- [ABOUT THIS TASK]: Please reproduce the data exactly, though every picture must stay out.

- [SOURCE MATERIAL]:

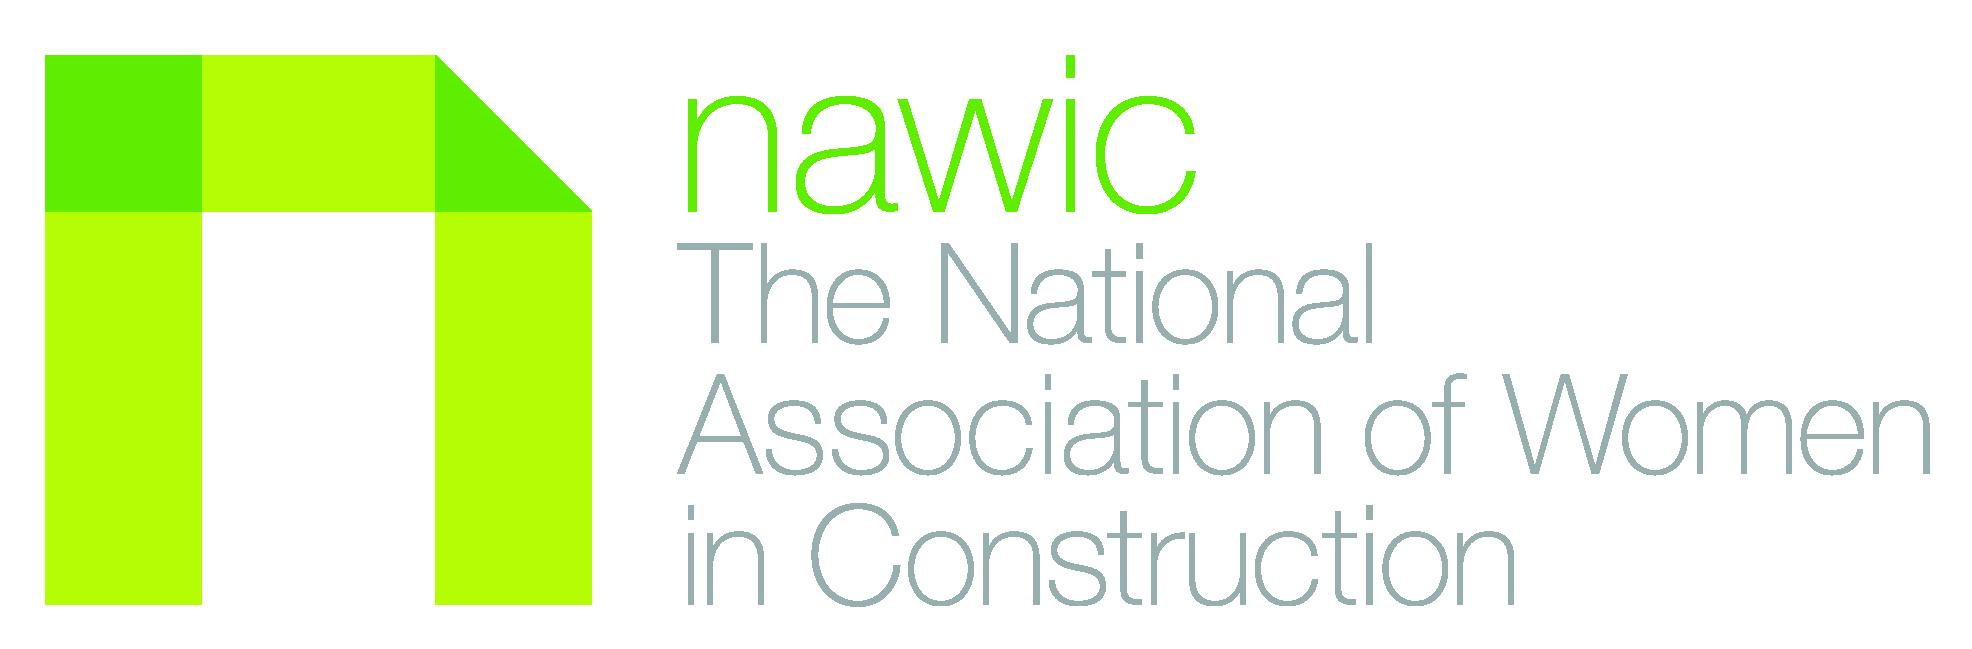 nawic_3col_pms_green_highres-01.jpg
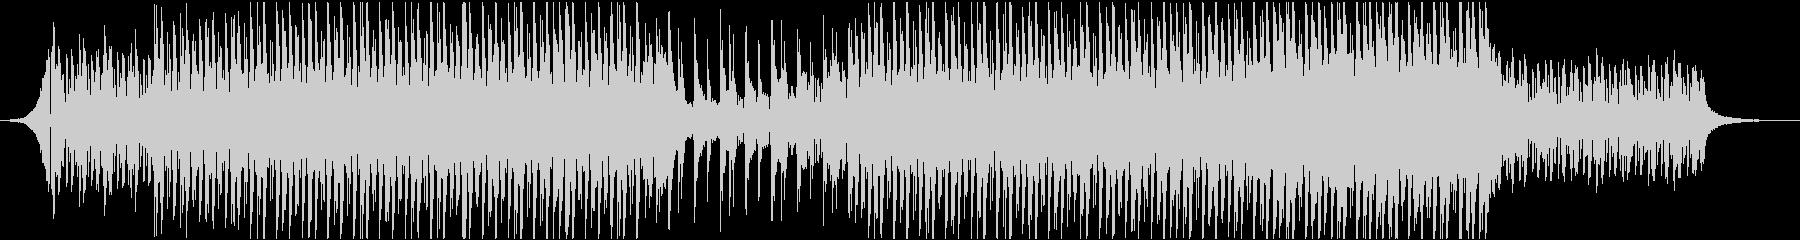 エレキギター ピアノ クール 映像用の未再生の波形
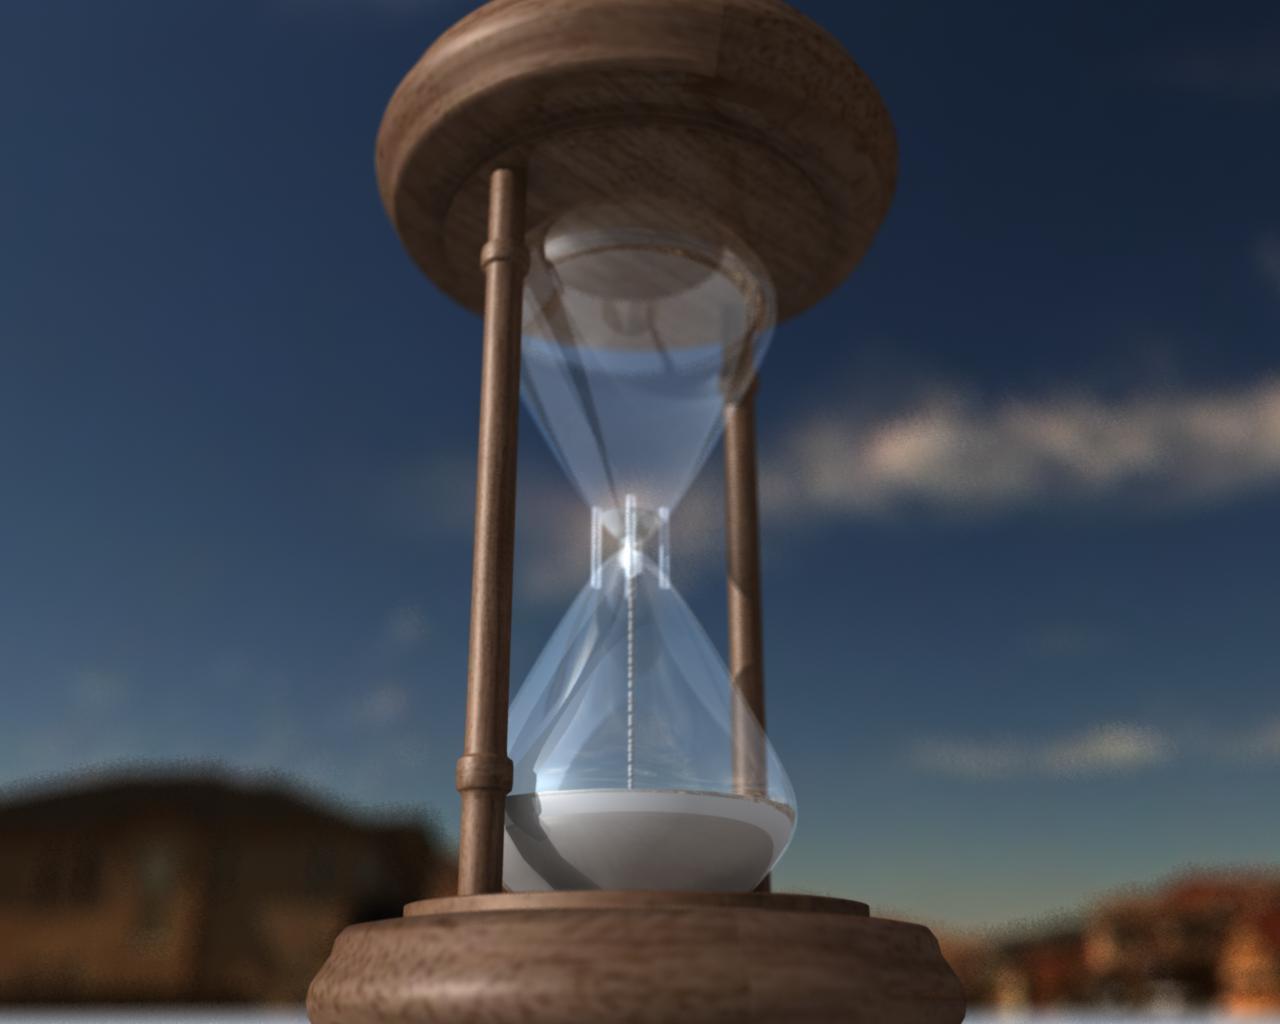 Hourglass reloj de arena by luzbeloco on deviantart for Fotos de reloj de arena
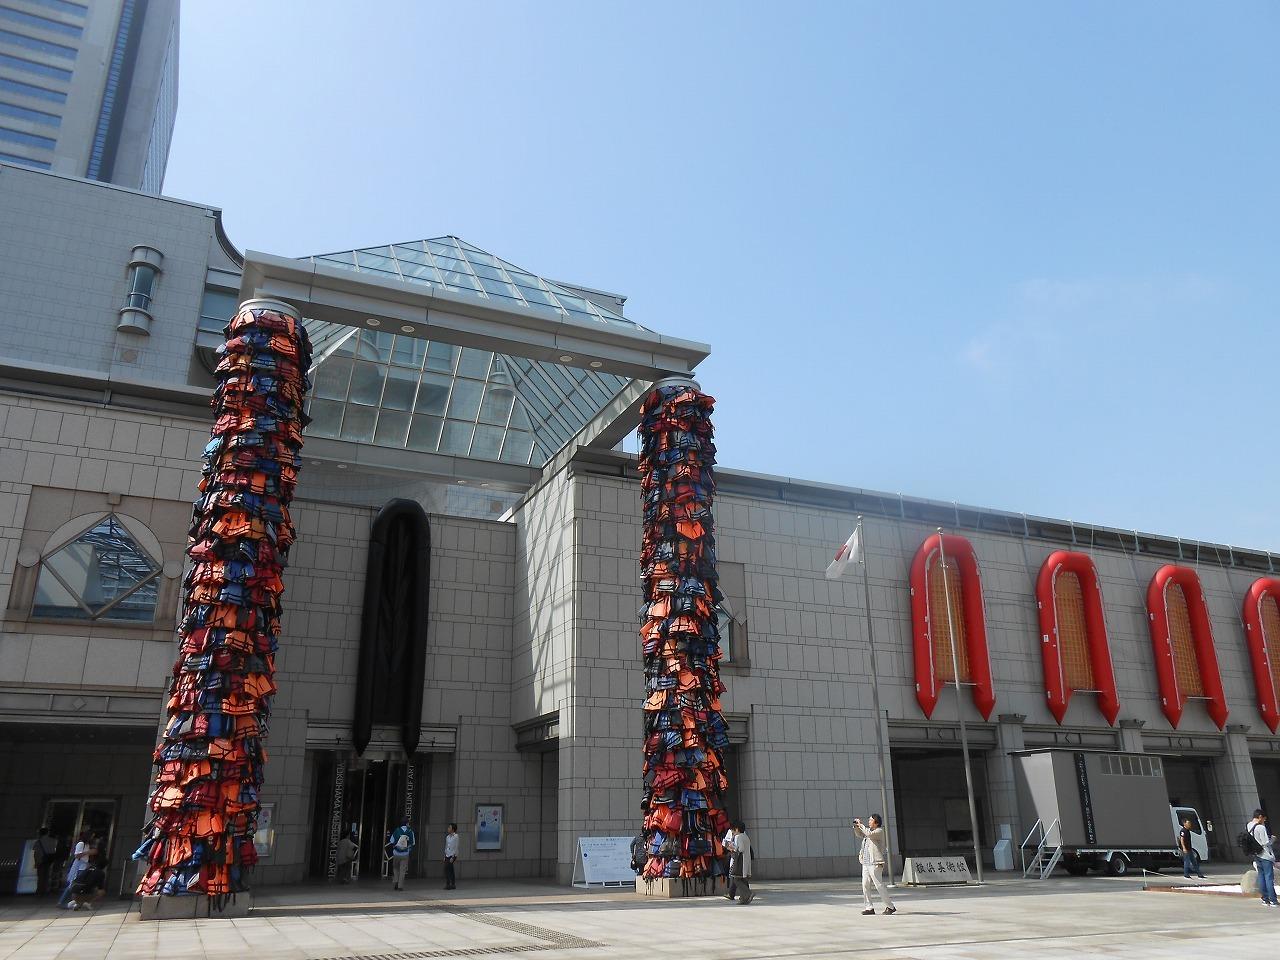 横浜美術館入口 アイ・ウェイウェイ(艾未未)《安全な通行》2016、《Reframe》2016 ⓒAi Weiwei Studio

- [SOLUTION FOR THIS TASK]:
 nawic_3col_pms_green_highres-01.jpg
 エレキギター ピアノ クール 映像用の未再生の波形
 Hourglass reloj de arena by luzbeloco on deviantart for Fotos de reloj de arena
 横浜美術館入口 アイ・ウェイウェイ(艾未未)《安全な通行》2016、《Reframe》2016 ⓒAi Weiwei Studio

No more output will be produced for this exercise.